Sunday, April 10, 2016

Virtual Particles

I must admit that i've always been confused by virtual particles. Are virtual particles "real"? Is the notion of virtual particles scientific? I am most certainly way off here but here are some questions I have:

1. What foundation is there for speaking about virtual particles? That is, in quantum field theory/second quantization states are equipped with creation/annihilation operators, however these creation/annihilation operators don't exist in relation to the internal lines of  feynman diagrams, so what is the underlying formalism ?

2. In what sense can the intermediate terms of a series be said to be "real"? One needs to renormalize just to get an actual physical quantity to be measured at which point the terms corresponding to these supposed "virtual particles" no longer exist, no?

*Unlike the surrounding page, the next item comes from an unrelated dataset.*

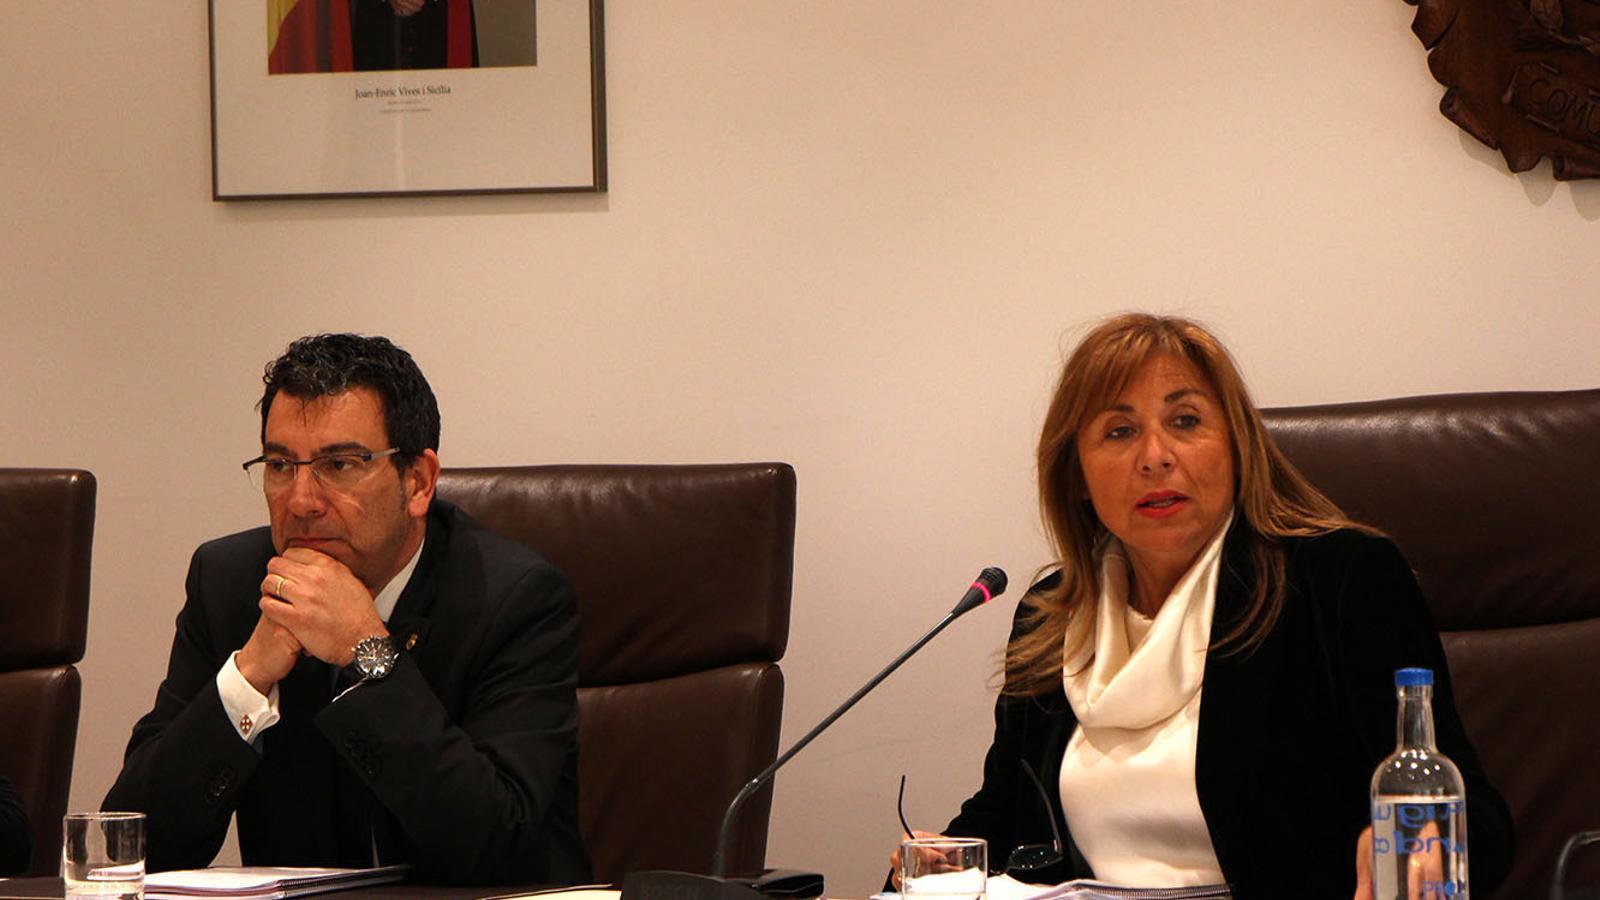 Els cònsols major i menor d'Andorra la Vella, Conxita Marsol i Miquel Canturri, durant la sessió de consell de comú celebrada aquest dimecres. / M. F. (ANA)

3. According to this thread non-perturbative approaches to qft such as lattice gauge theory don't give rise to virtual particles. Why do physicists say that these virtual particles have an independent existence if they can only be spoken about if one is using a perturbative approach to calculating scattering?

4. If virtual particles can come into existence due to the uncertainty principle(leaving aside the question as to whether time can be introduced as an operator in quantum mechanics and the fact that there is a ground state) then they are by definition not observable/measurable, in which case how can descriptions of  them be scientific?

I have a few other questions about virtual particles but these are the ones i'm having the most difficulty understanding.

2 comments:

  1. Hi!

    I think this post paints a nice picture of what's going on https://profmattstrassler.com/.../virtual-particles-what.../

    Me, I usually just think of them as the internal lines of the Feynman diagram expansion of the S matrix elements. It's perturbation theory anyway, so I tend not to worry if my interpretation of each term is not that solid.

    I recommend this intro to QFT http://physics.ucsd.edu/~mcgreevy/s14/239a-lectures.pdf if you're ready to jump in. (It shows my bias towards condensed matter theory)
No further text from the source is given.